‘Jim Allison: Breakthrough’ Review: Taking On Cancer

Documentaries about innovative figures don’t always offer correspondingly innovative filmmaking. But even coloring within the lines of conventional biographical storytelling, “Jim Allison: Breakthrough” provides an accessible introduction to James P. Allison, who, along with Tasuku Honjo of Japan, won a Nobel Prize in 2018 for discoveries in cancer immunotherapy.

Allison developed an antibody to keep T-cells, the white blood cells that attack viruses, in attack mode when faced with tumors. The film suggests that the research was personal: Allison’s mother died of lymphoma, and a brother’s experience of prostate cancer, from which he ultimately died, is chronicled throughout. We are told that Allison raised the prospect of the immune system’s cancer-fighting potential at a speech at the Texas Legislature in 1981, when he advocated teaching evolution in the state’s schools. (For Allison, who grew up in Texas, that issue was a long-term fight, too.)

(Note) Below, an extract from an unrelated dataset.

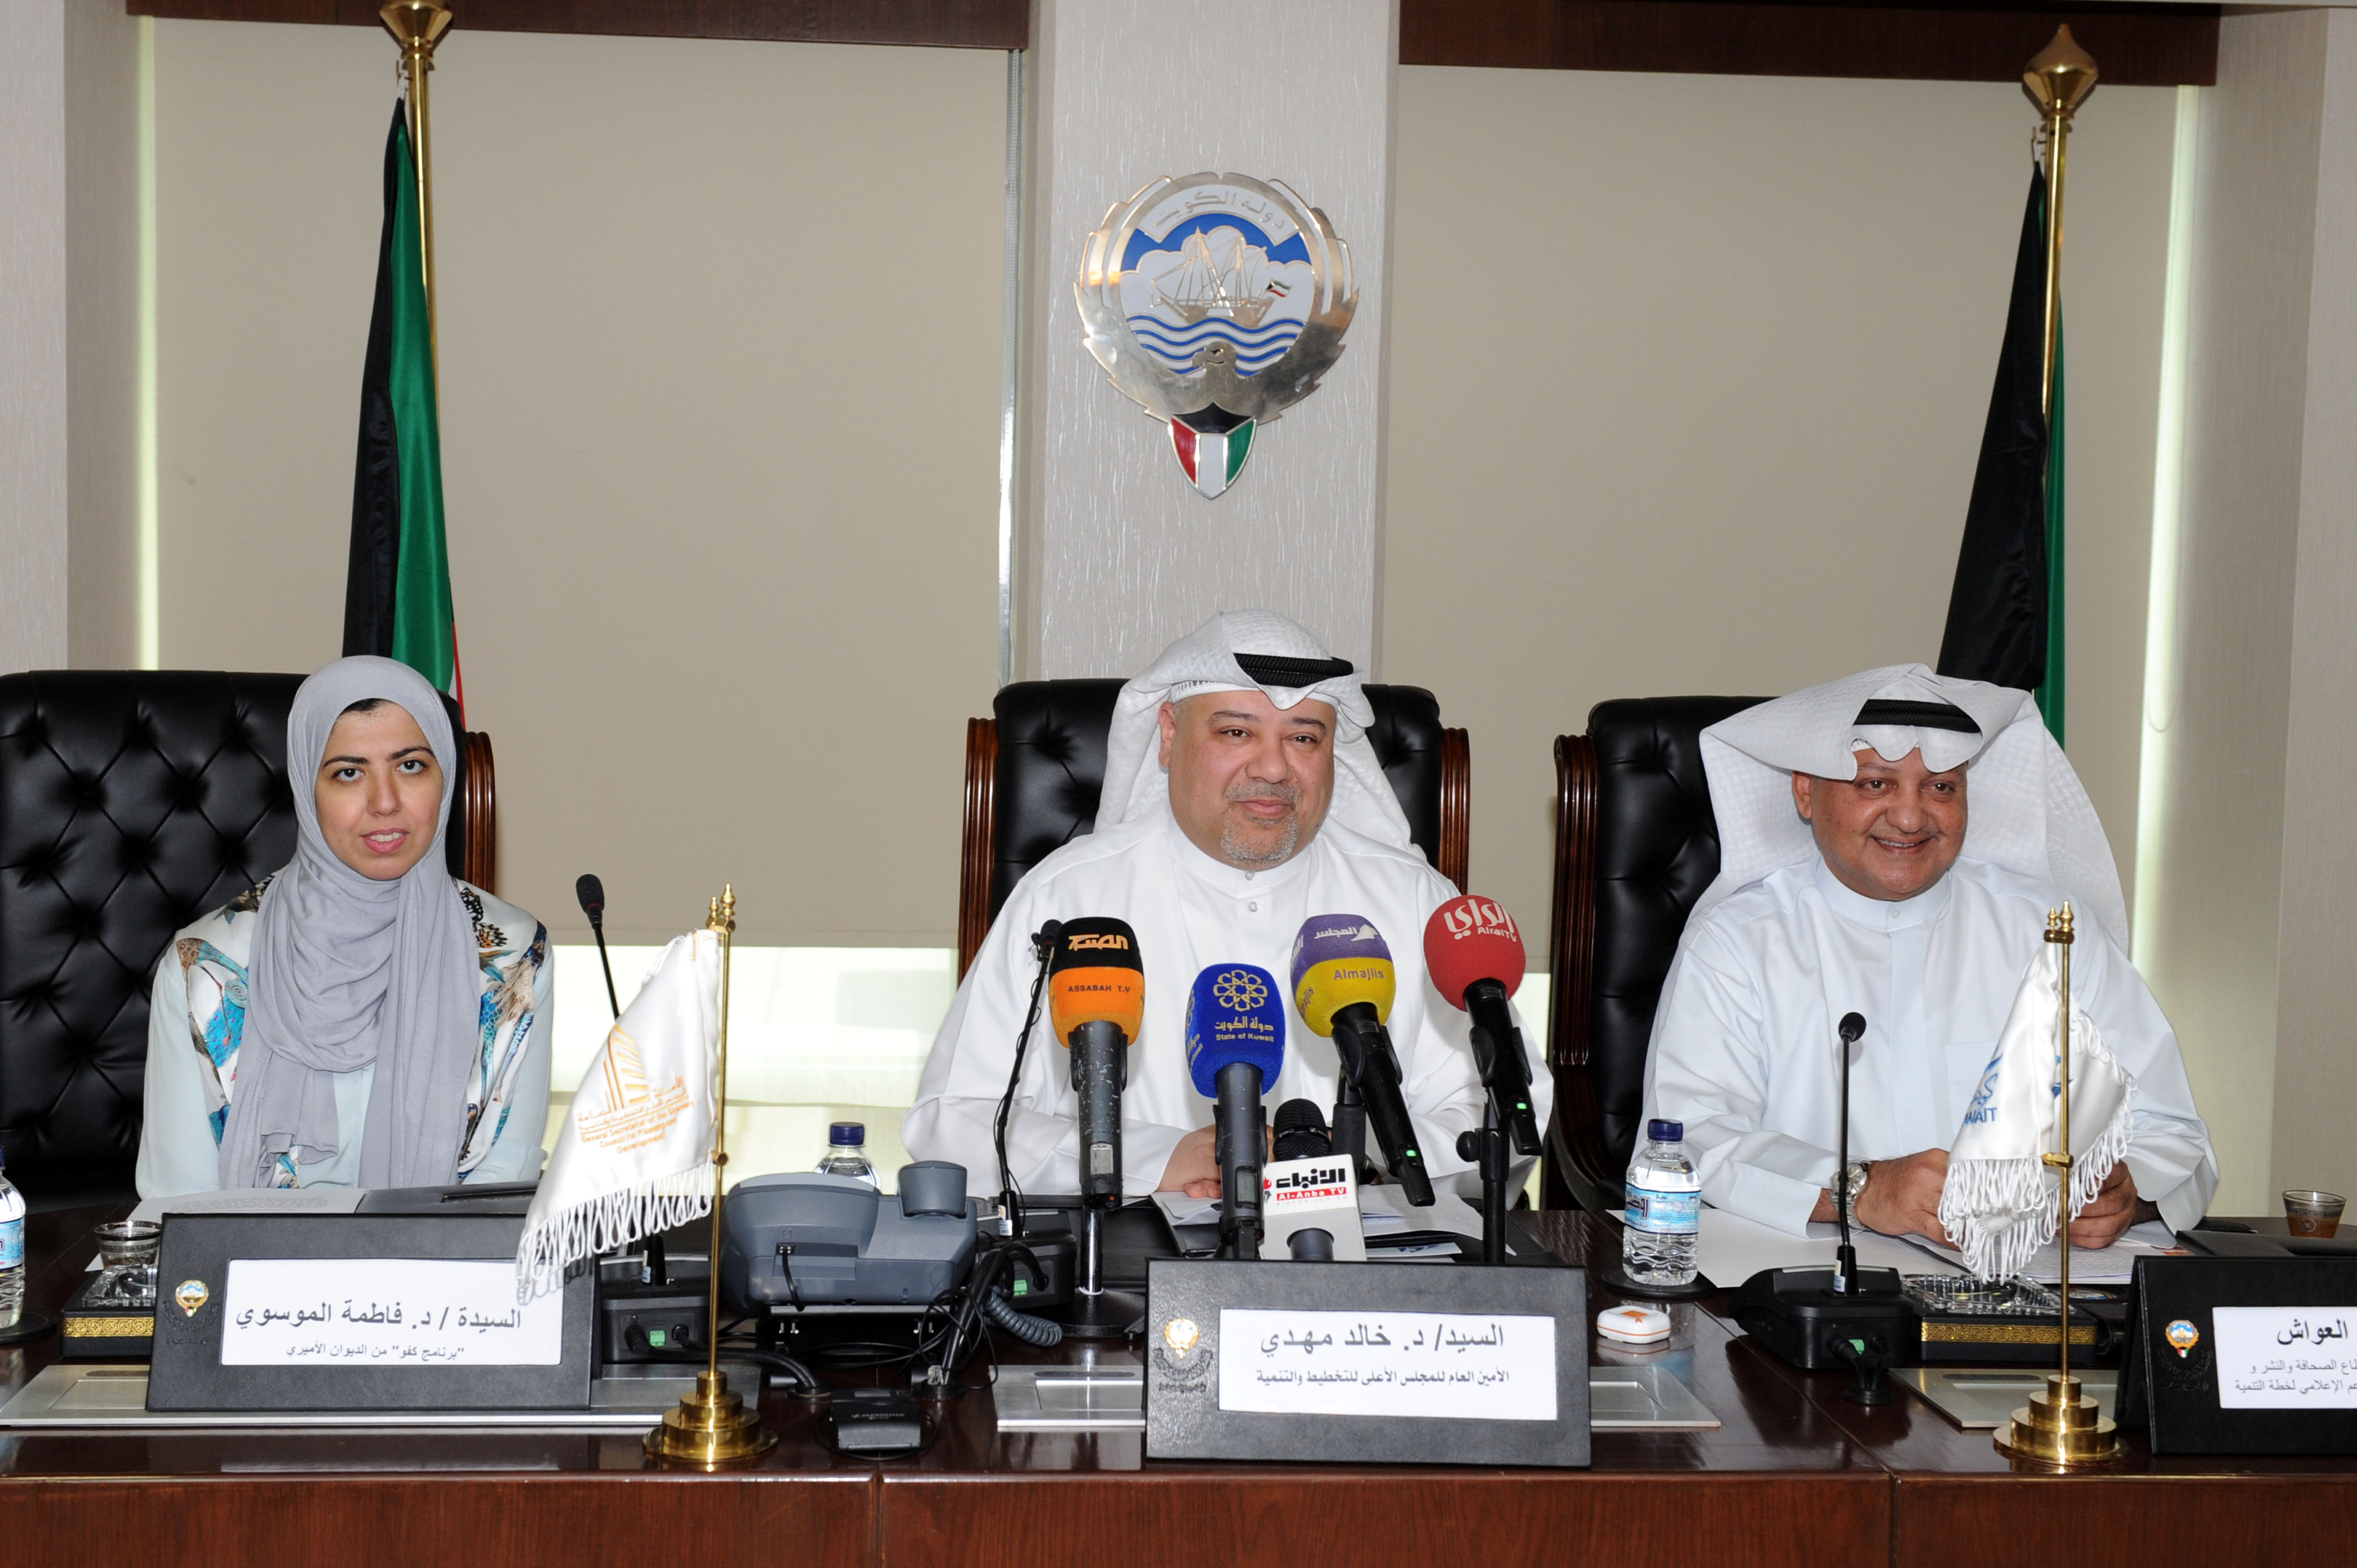 Kuwaiti official stresses importance of involving community into new Kuwait 2035 vision
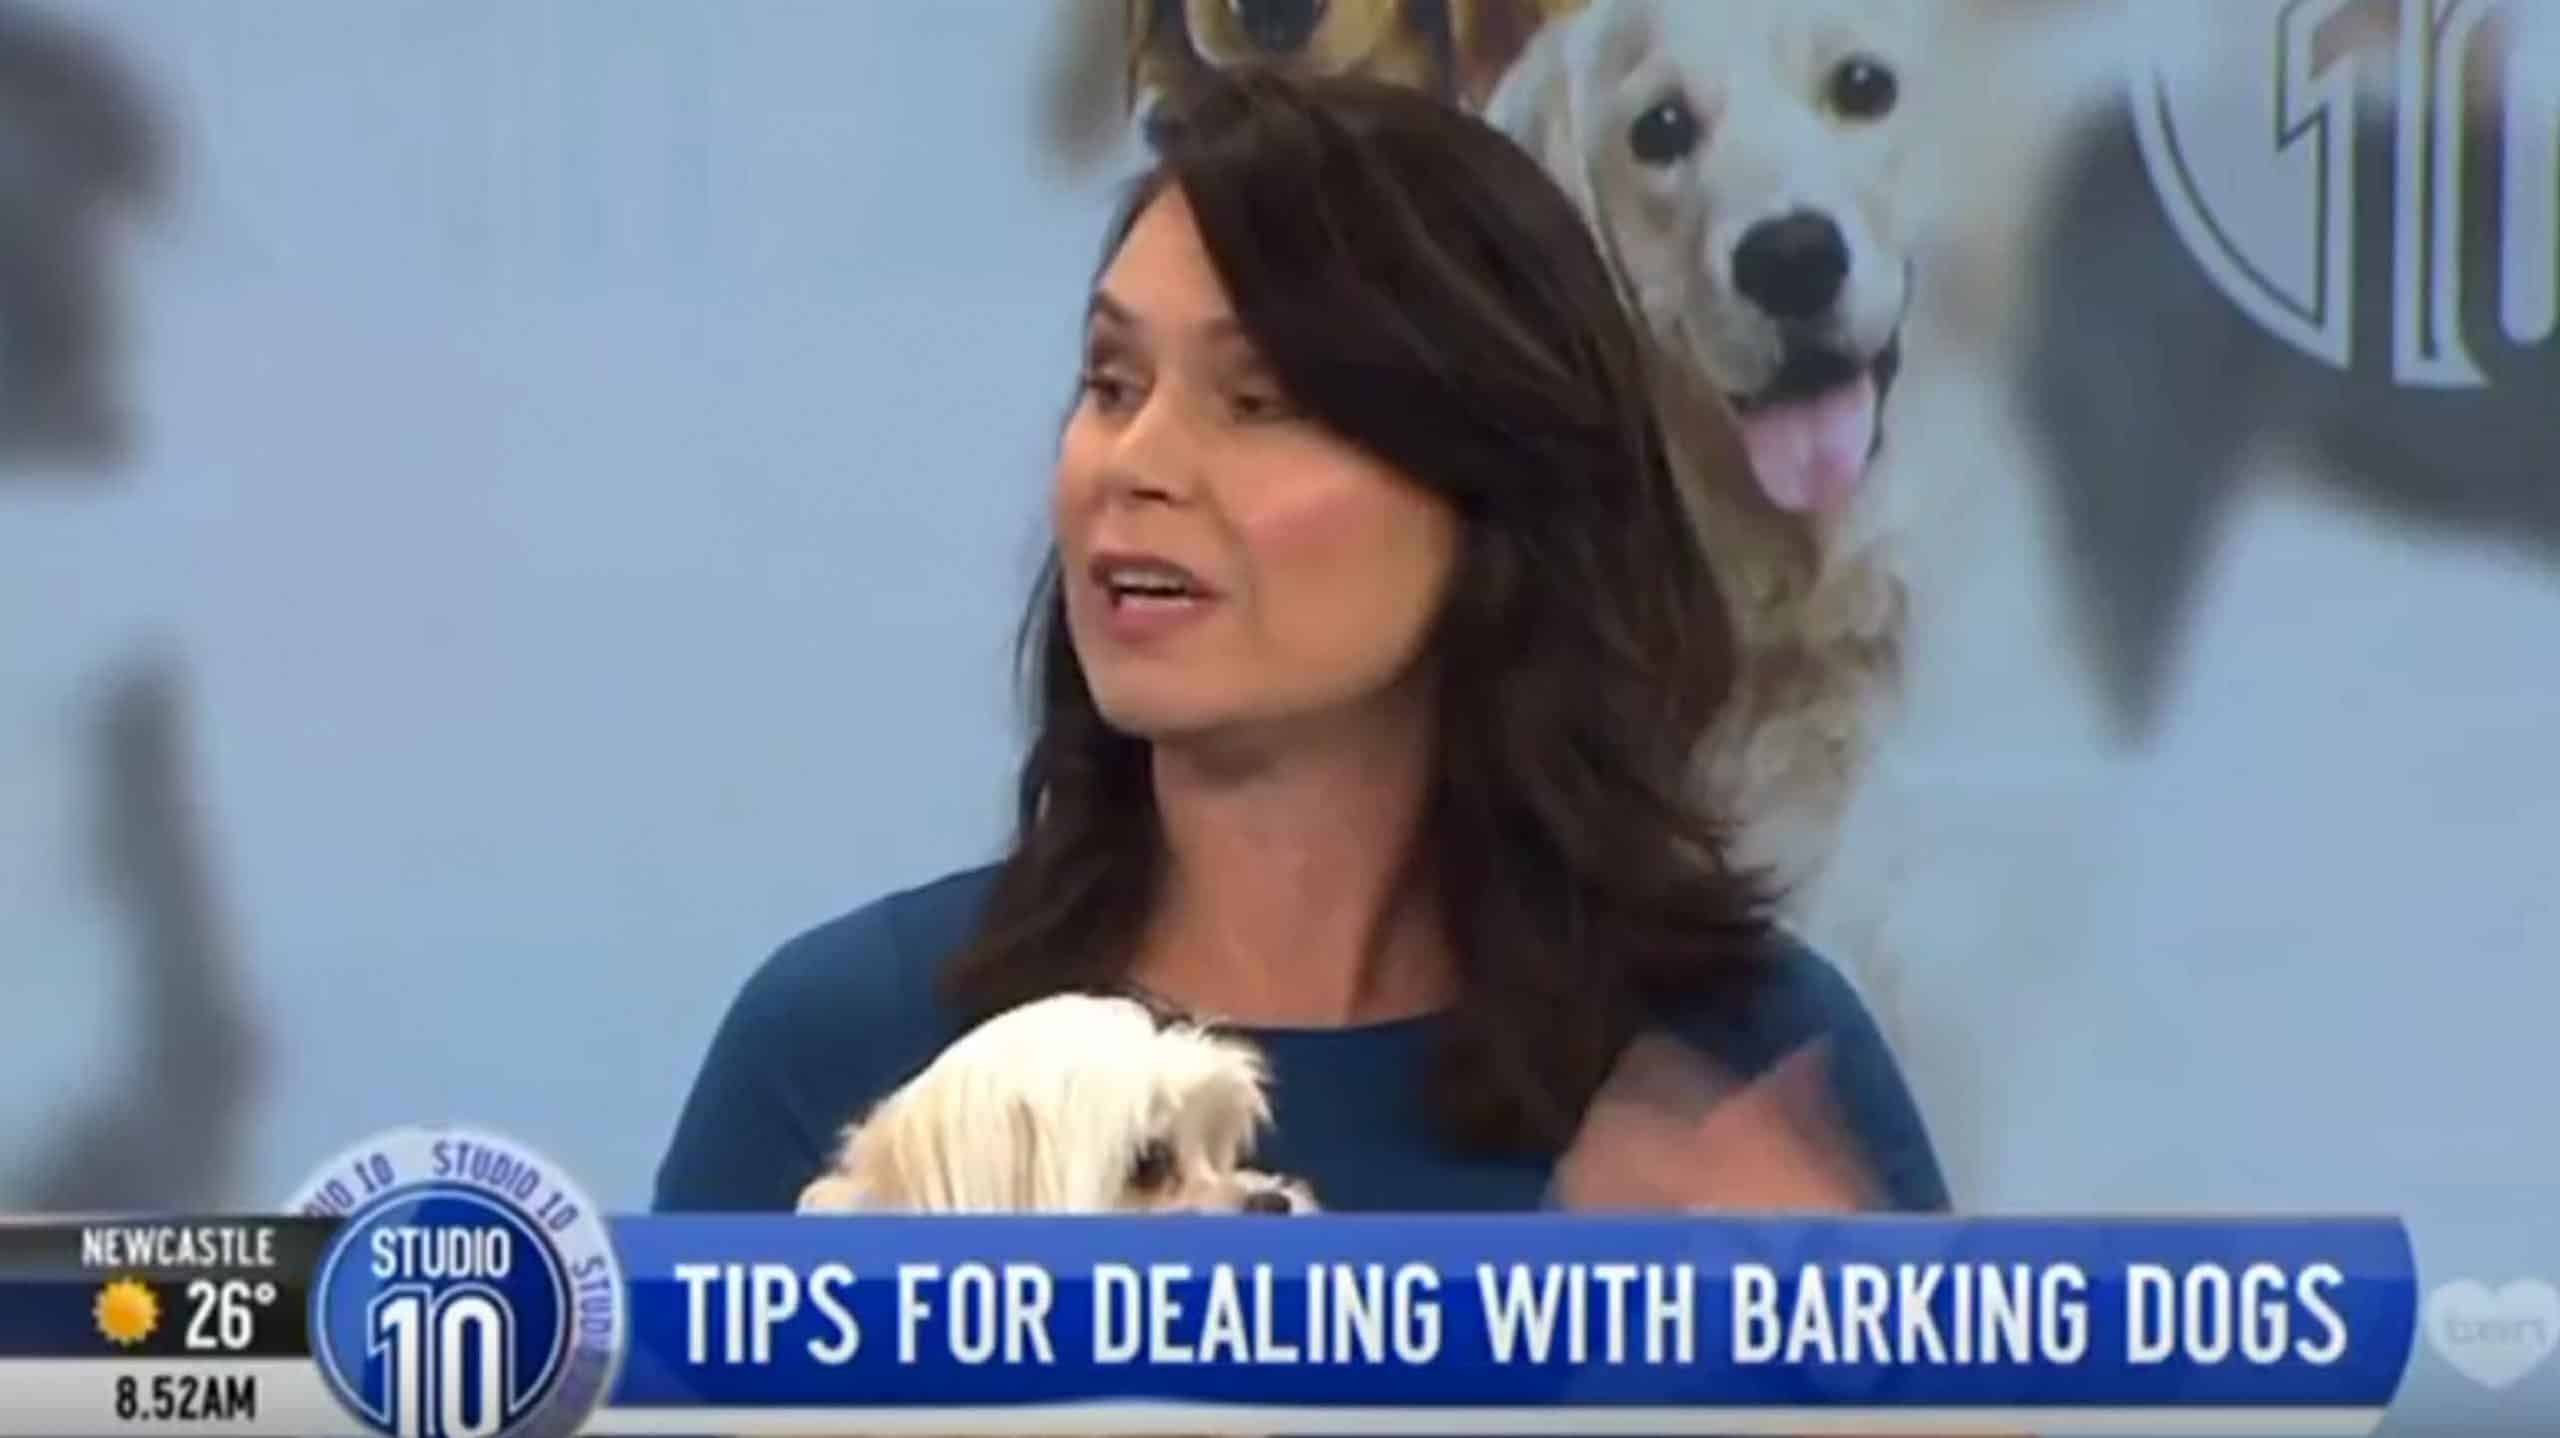 How to help stop dogs barking excessively

The director, Bill Haney, intercuts Allison’s story with that of Sharon Belvin, whom Allison says is the first patient he met from the drug trials. The film does a solid job of explaining the barriers — justified skepticism, professional groupthink, the high cost of long-term research — that Allison faced in proving that a new kind of treatment could work.

Cutesier material — a story about how Allison once performed with Willie Nelson at a bar — adds levity to a heavy subject but also plays like pandering, and slow-motion footage of, say, Allison walking the streets of New York just looks like padding. The grind of research isn’t necessarily cinematic, nor need it be.

Jim Allison: Breakthrough

Rated PG-13 for discussions of cancer. Running time: 1 hour 31 minutes.